Dem bigwigs may scorn his campaign, but his ability to attract young and other disenfranchised voters could be just what the party needs

By Howard Gleckman

Why on earth has Howard Dean generated so much enmity from the Democratic political Establishment? Two reasons: He hasn't shown the proper deference to those he calls -- with more than a touch of contempt -- Washington Democrats. The other is that Dean is dangerous, subversive even, for the party's congressional incumbents.

Most of these insiders are convinced that Dean is destined to be crushed in November. And they may well be right. Of all the Democratic candidates, he has the greatest chance of not just losing but being blown out by George W. Bush. But the pugnacious ex-governor of Vermont might also have the best chance to beat Bush. Either way, he may not be much use to many sitting congressional Democrats. And right now they're much more worried about their own survival than electing a President.
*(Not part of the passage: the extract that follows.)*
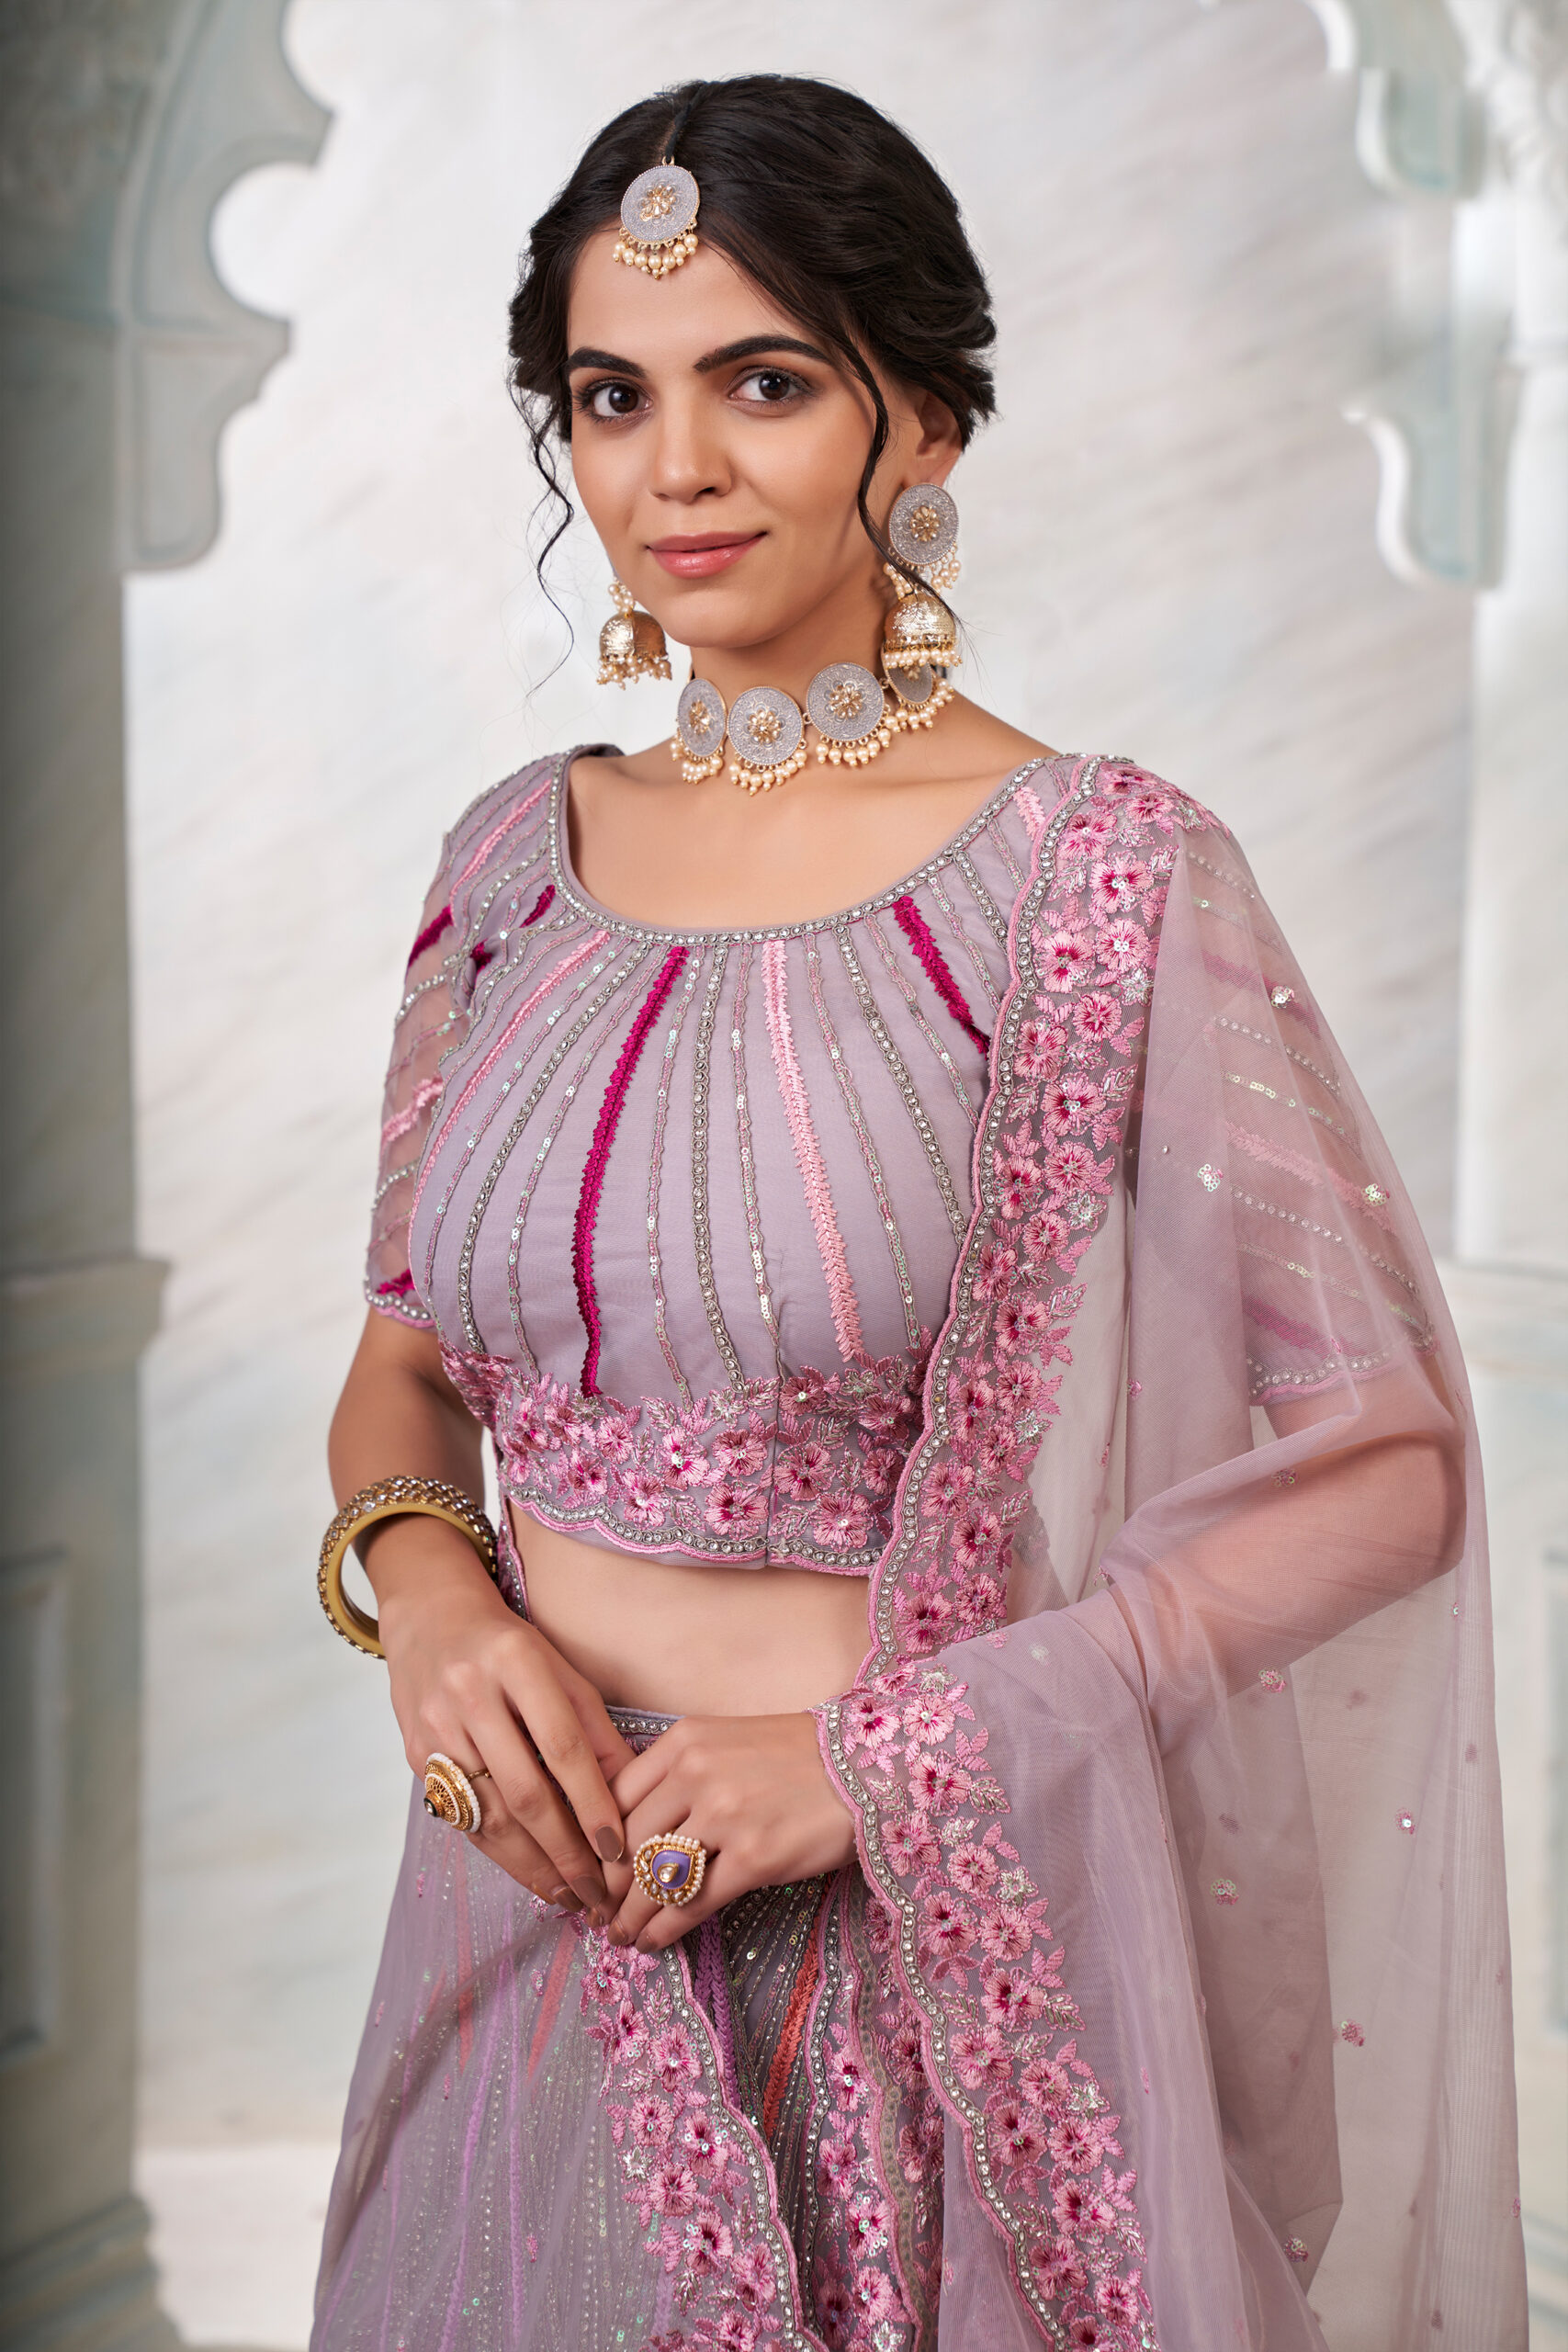 how to style jewellery with light pink bridal lehenga - jewellery ideas for  pink lehenga - YouTube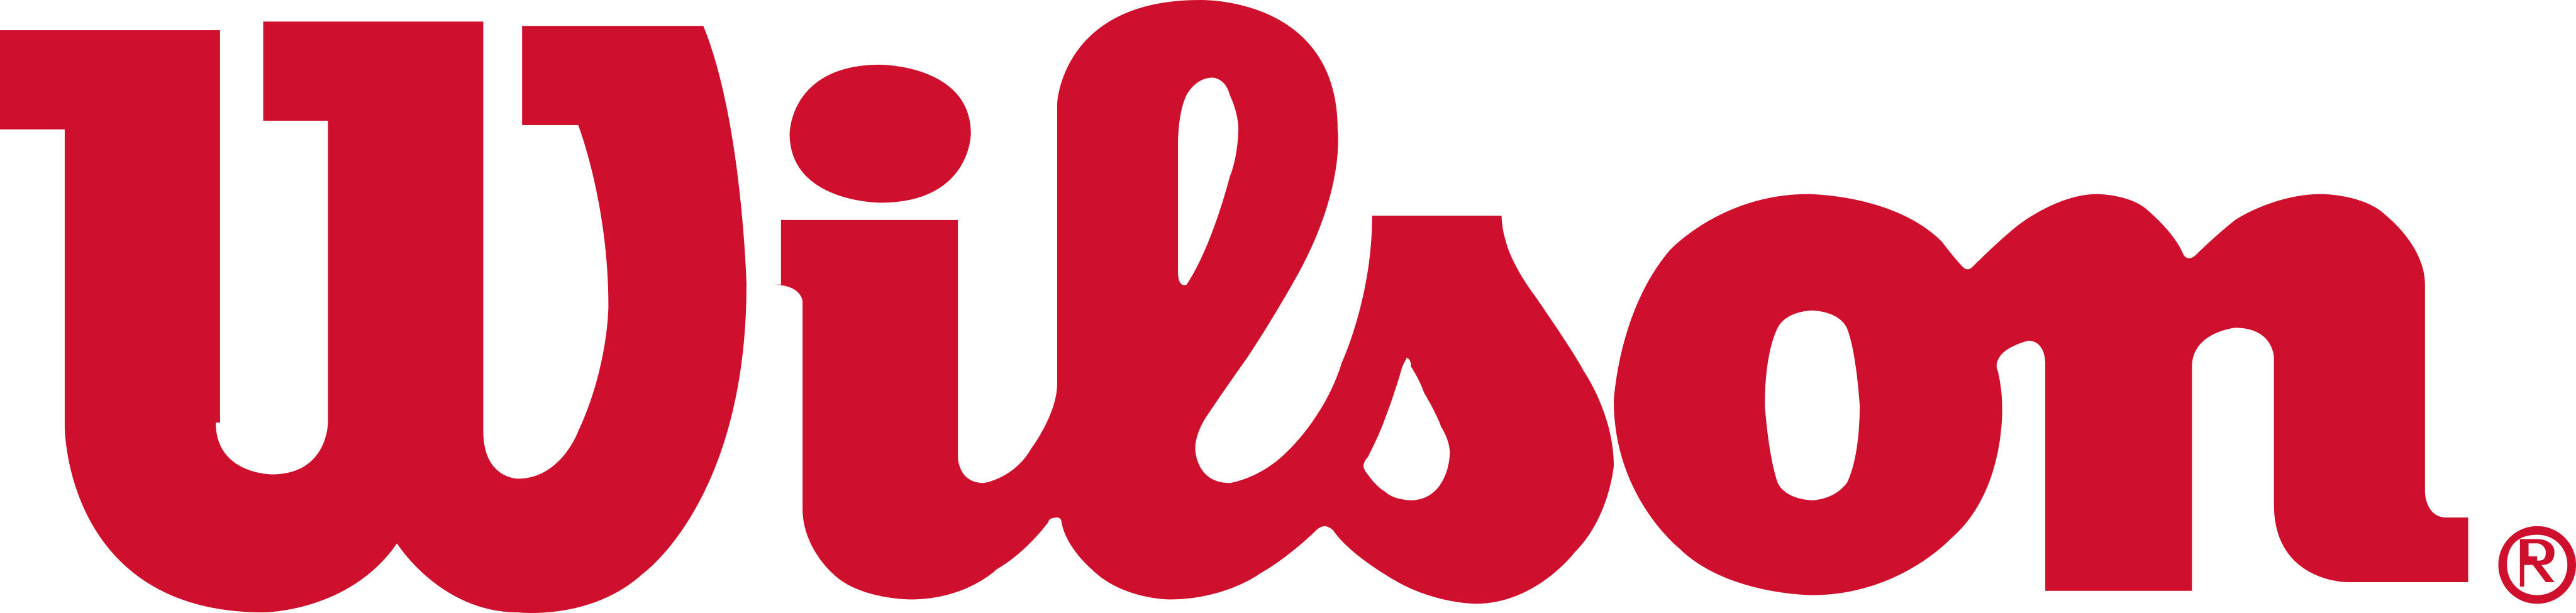 Wilson Logo.

  The Establishment Dems, who lean to retired General Wesley Clark and Senator John Kerry (D-Mass.), would rather see a candidate who will lose respectably to Bush than one whose candidacy is as much a roll of the dice as Dean's. Congressional incumbents would be far more comfortable with a mainstream Dem who can help them in traditional ways, such as drawing crowds and raising money.

The nightmare scenario for Capitol Hill pols: The outspoken Dean utters a campaign gaffe that's amplified and spread, like political poison, by the Bush public relations machine. Then, few Dems, especially in the South and West, will want to share a stage with the Vermonter. Consider Senate Democratic Leader Tom Daschle, who faces a tough reelection campaign in South Dakota. If Dean is behind by 10 points in October, Daschle may want to call out the border patrol to keep him out of town.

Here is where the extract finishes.